Simple scenario to run into such a problem.

You want a setup() method for your integration test. From checking several popular github project the idiom is to return a Struct e.g TestEnv from such a method owning the precondition instances. This is just not possible to do in one struct, if one of those preconditions has a reference.

Concrete example. Lets say you are implementing a rest client to a http api with reqwest crate. Lets call it CatsClient. reqwest is managing its own connection pool and you are supposed to init it once and pass a refernce to the Cats Client

    struct CatsClient<'a> {
        http: &'a reqwest::Client
    }

reqwest::Client can be instantiated with default headers and perhaps soon also with a base_url. For testing each of the CatsClient endpoints, you would like to have some default reqwest::Client and also a CatsClient instantiated with some default values for convenience.

fn setup<'a>() -> TestEnv<'a> {
    let http = reqwest::Client.new();
    let cats_client = CatsClient { http: &http  };
    
    TestEnv {
        http: http, 
        cats_client: cats_client
    }
}

There is actually no way to move out both http and the cats_cilent struct out of the function (not even with a tuple), or am i missing something?

Here is some playground

No, there is no way.

  1. Address of let http and http: http is different, so the reference in cats_client points to an old invalid location. The address also changes every time you move the cats_client, and Rust by design wants to move only using memcpy without having to fix internal addresses of objects.
  2. Even if that was fixed (e.g by using Box::new(http)), it would be unsafe, because Rust would allow assignment to testenv.http = new_object that destroys the old object, making reference in CatsClient invalid again.

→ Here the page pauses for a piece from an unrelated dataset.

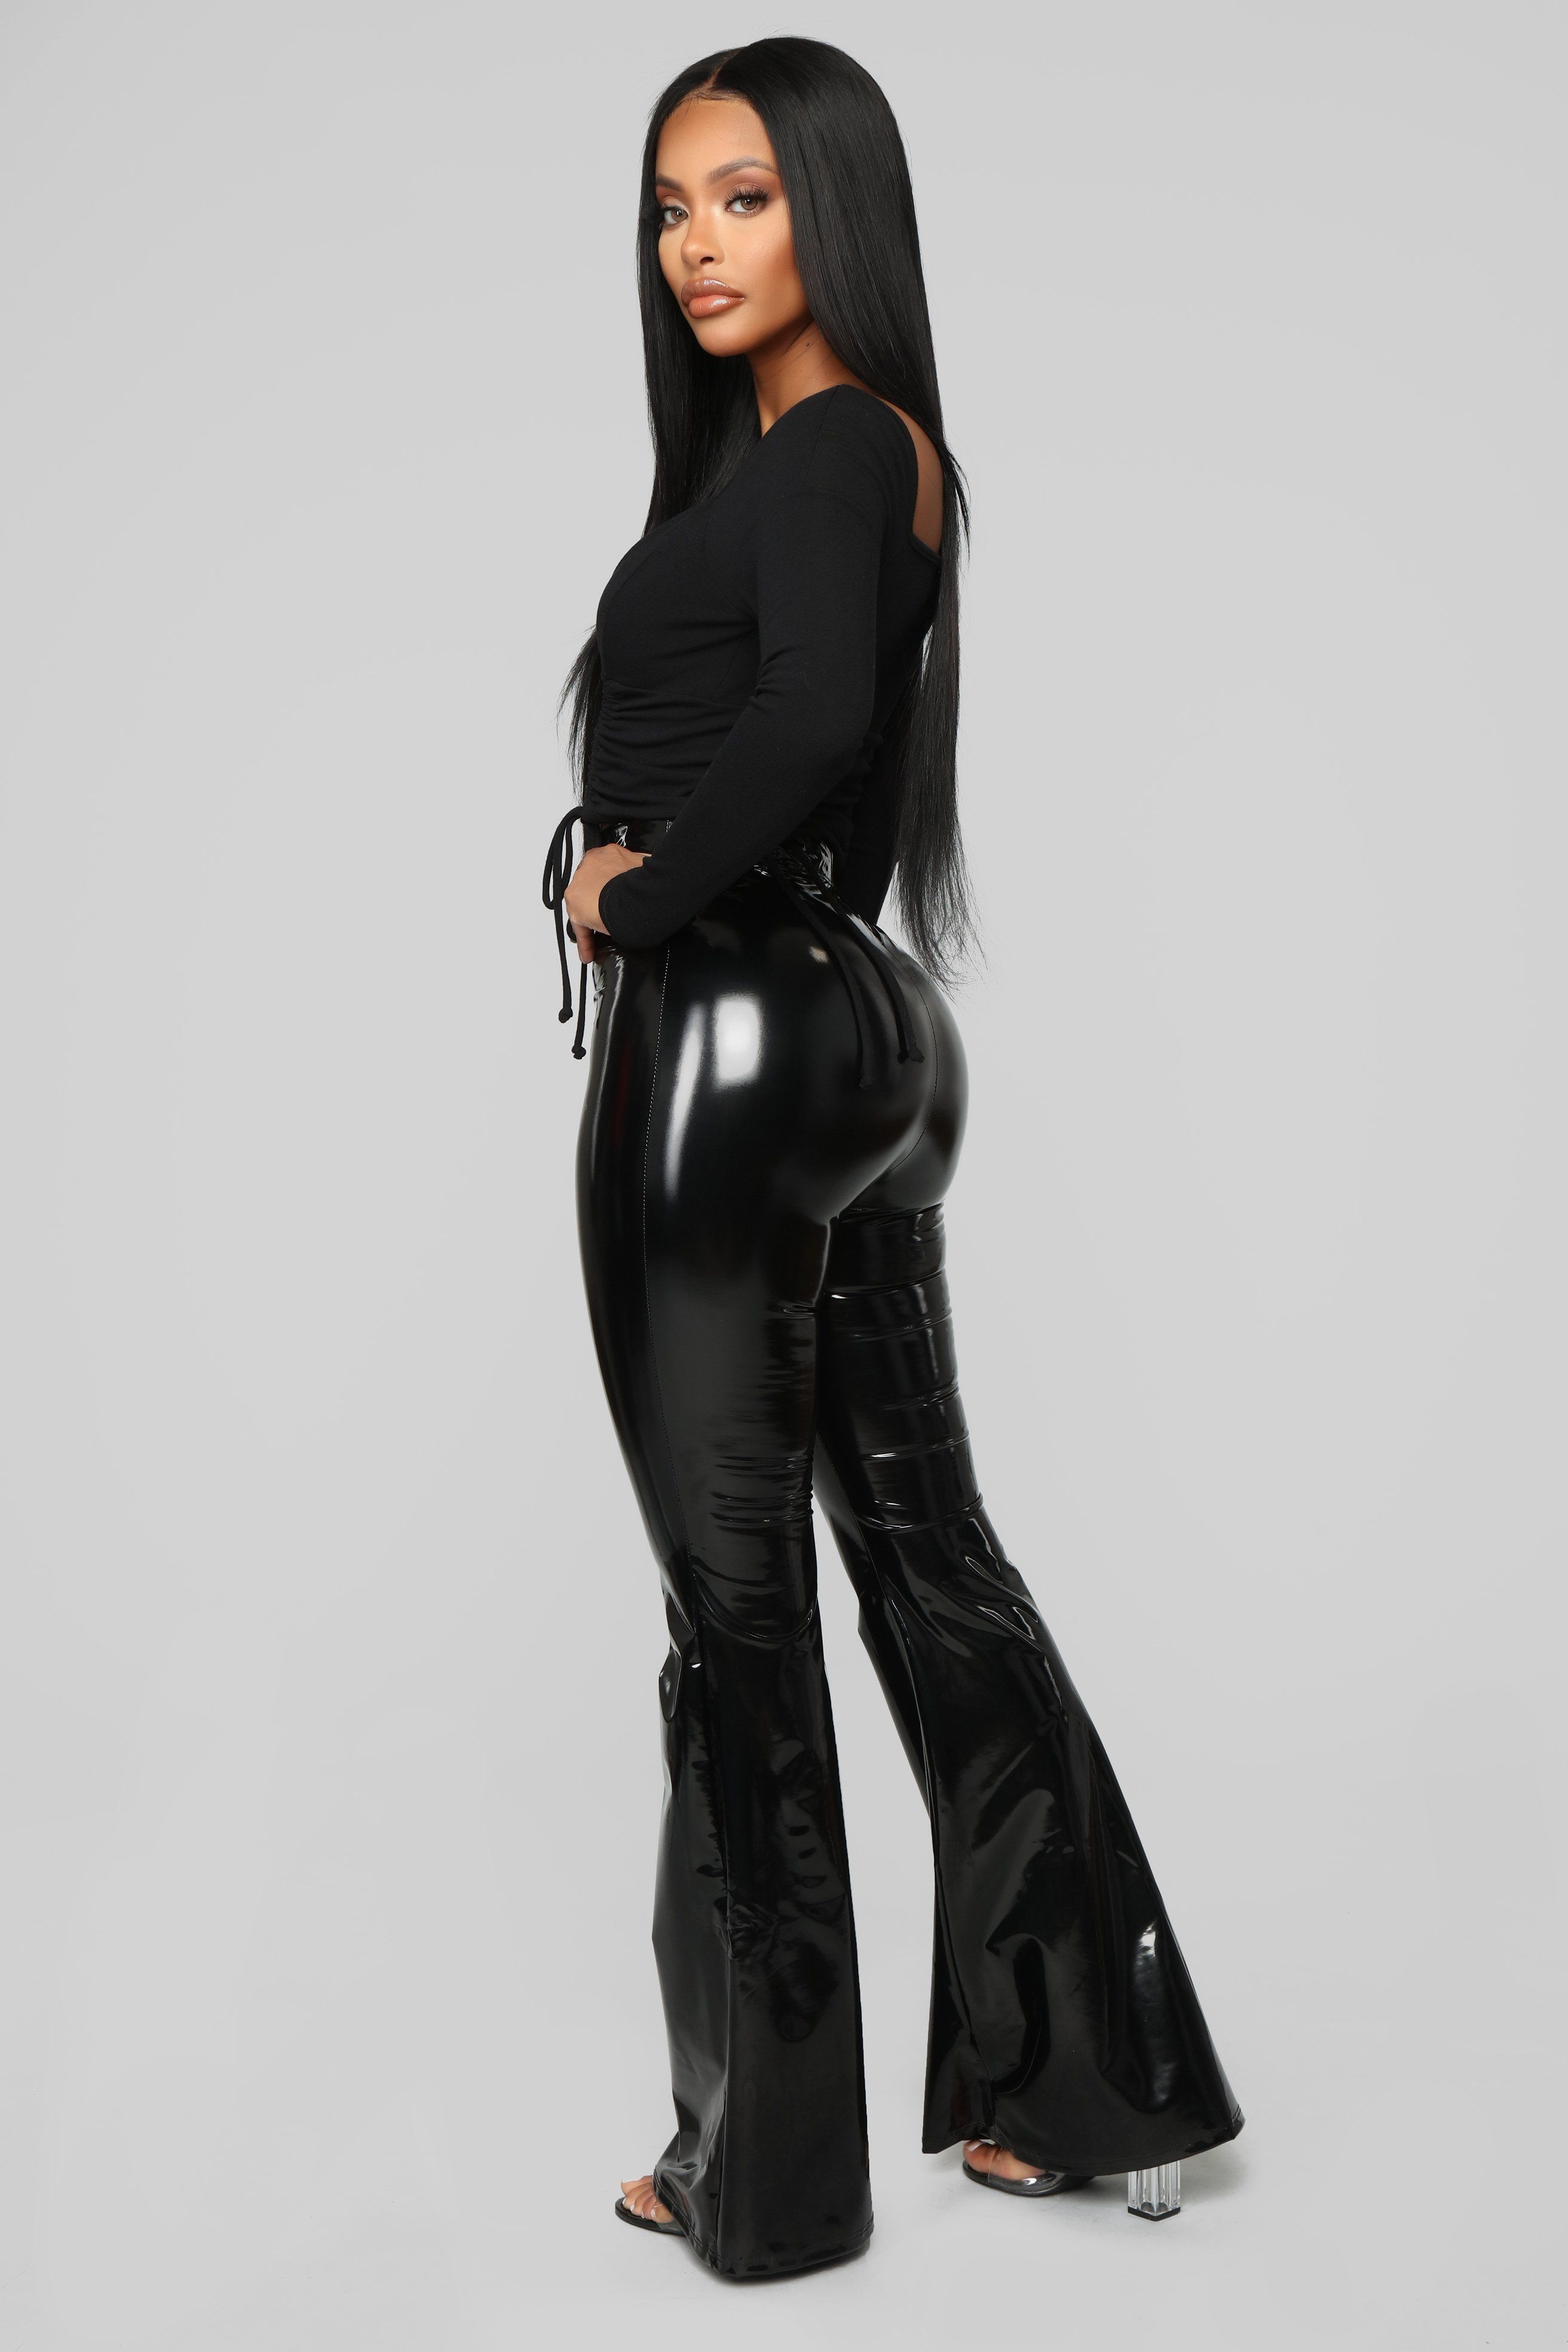 Wild Baby Vinyl Pants Black Fashion, Black pants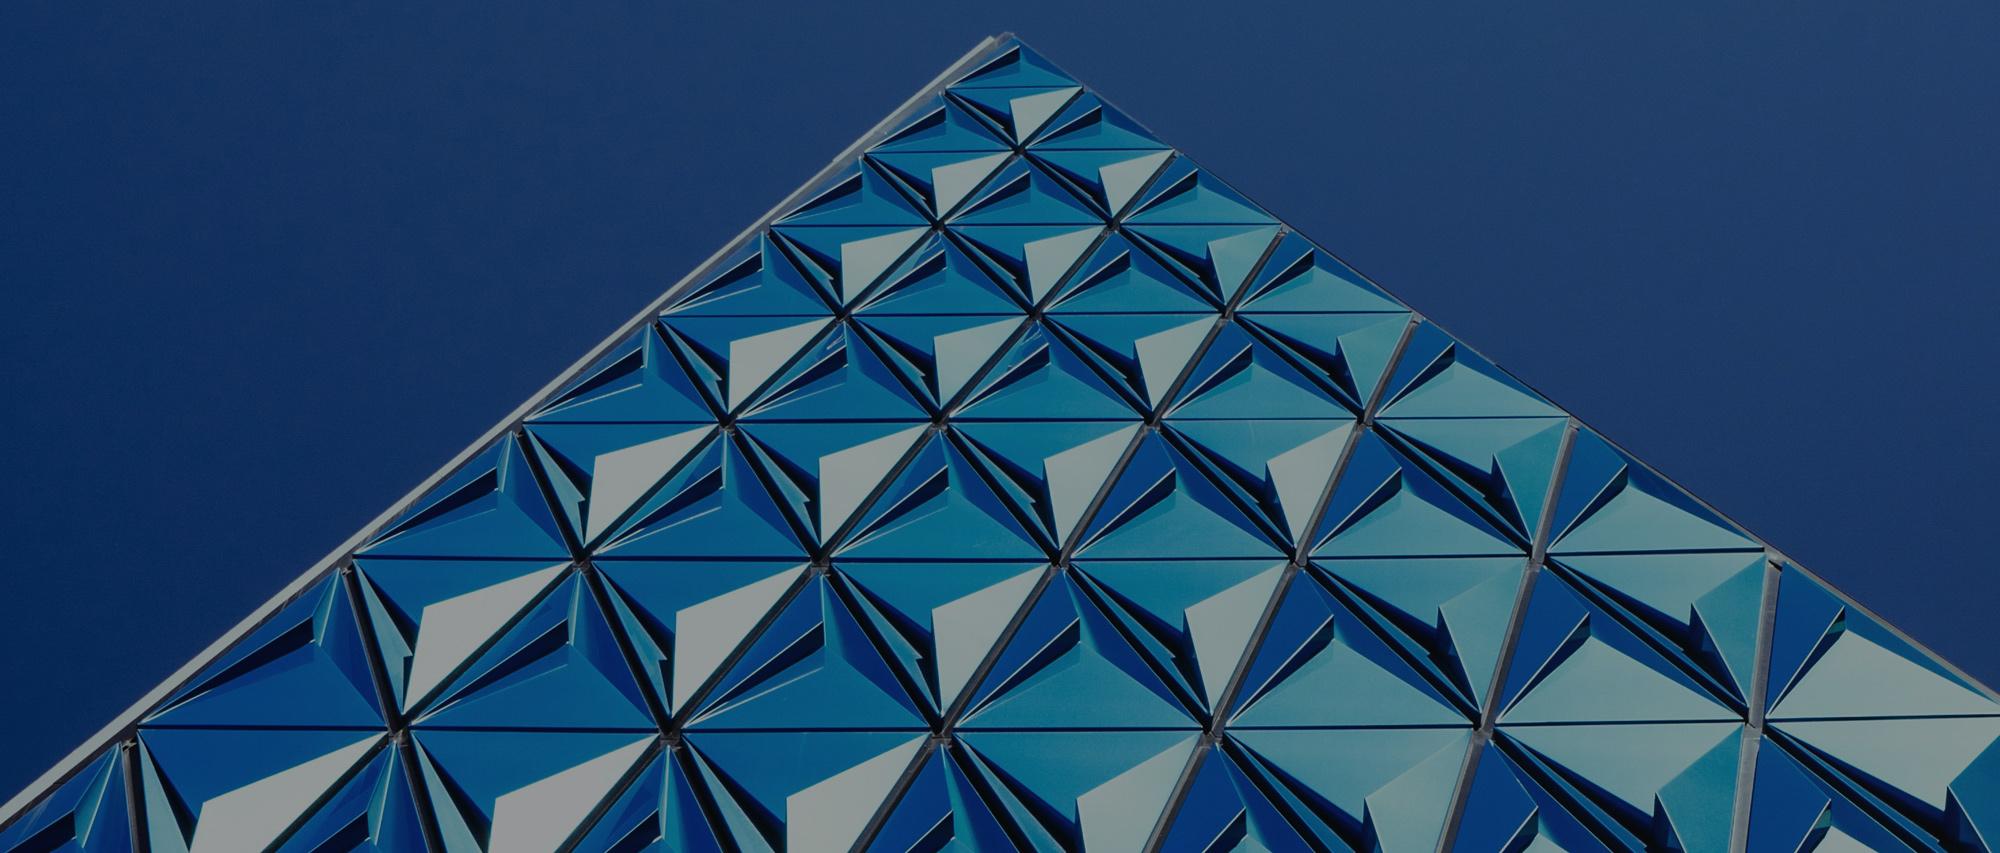 banner-pyramid-blue-sky-2

You have to wrap the HTTP client in Rc<Client> to have it in two places.

Not sure if that’s suitable for you, but you can “disentangle” the owned values from the references, like this: https://play.rust-lang.org/?version=stable&mode=debug&edition=2015&gist=3f59786cc2a59f68e440742866573c70. There’s a struct IntermediateEnv (sorry, bad at naming here), that holds the owned values and is constructed first, and then TestEnv can just hold references to it. It doesn’t seem totally usefull to me, but might just be enough to get your testing done.

struct MyType {
    f1: i32,
    f2: ^i32 // A weak reference
}
let mut x = MyType { f1: 42, f2: ^f1 };
let f = x.f2;
let y = ^f.clone(); //^f promotes f to either &i32 or &mut i32
//Explicitly promote f to &mut i32, only type check when x is mut
let mut v:&mut i32 = ^f;
//f is still valid as it is still "week", and this is a "copy", not a "move"
let g = f;
//error: immutable borrow whilst mutable borrow in scope
let u: &i32 = ^f;
//error: send a weak reference to a function alone, without the full object
std::mem::drop(f);
//OK, we send both the object and the weak reference
(|v,_| std::mem::drop(v))(x,f);

Reasons behind:

  1. When initialize self-referential structs, we don’t want the usual borrow rules apply - this gives us maximal flexibility to create the struct.
  2. When using those self references however, we need to apply the borrow rules to ensure safety.
  3. So this design is to separate these requirements - by introducing a new reference type - the “weak” reference
  4. A weak reference can be promoted to usual references and enforce borrow rules at the promotion site
  5. A week reference can only be passed to another function as arguments with its owner.

Hi,

I just encountered this problem in my work and am trying to see what kind of solutions/workarounds we have for it in October 2018 (or in Rust 2018).

My particular scenario is that I want to store a String as parsed AST of that string, where the parser produces slices to that String.

So, something like this:

pub struct FluentResource {
    source: String,
    pub ast: Vec<&str>,
}

where the ast stores slices that are relatively costly to compute, so I’d like to either compute them lazily or eagerly but only once (thus the “store the String and add get_ast method” will not work).

What are my options?

1 Like

I don’t think much has changed:

A quick and easy way out would be to replace the &strs with (usize, usize)s, and just index into source with them on demand.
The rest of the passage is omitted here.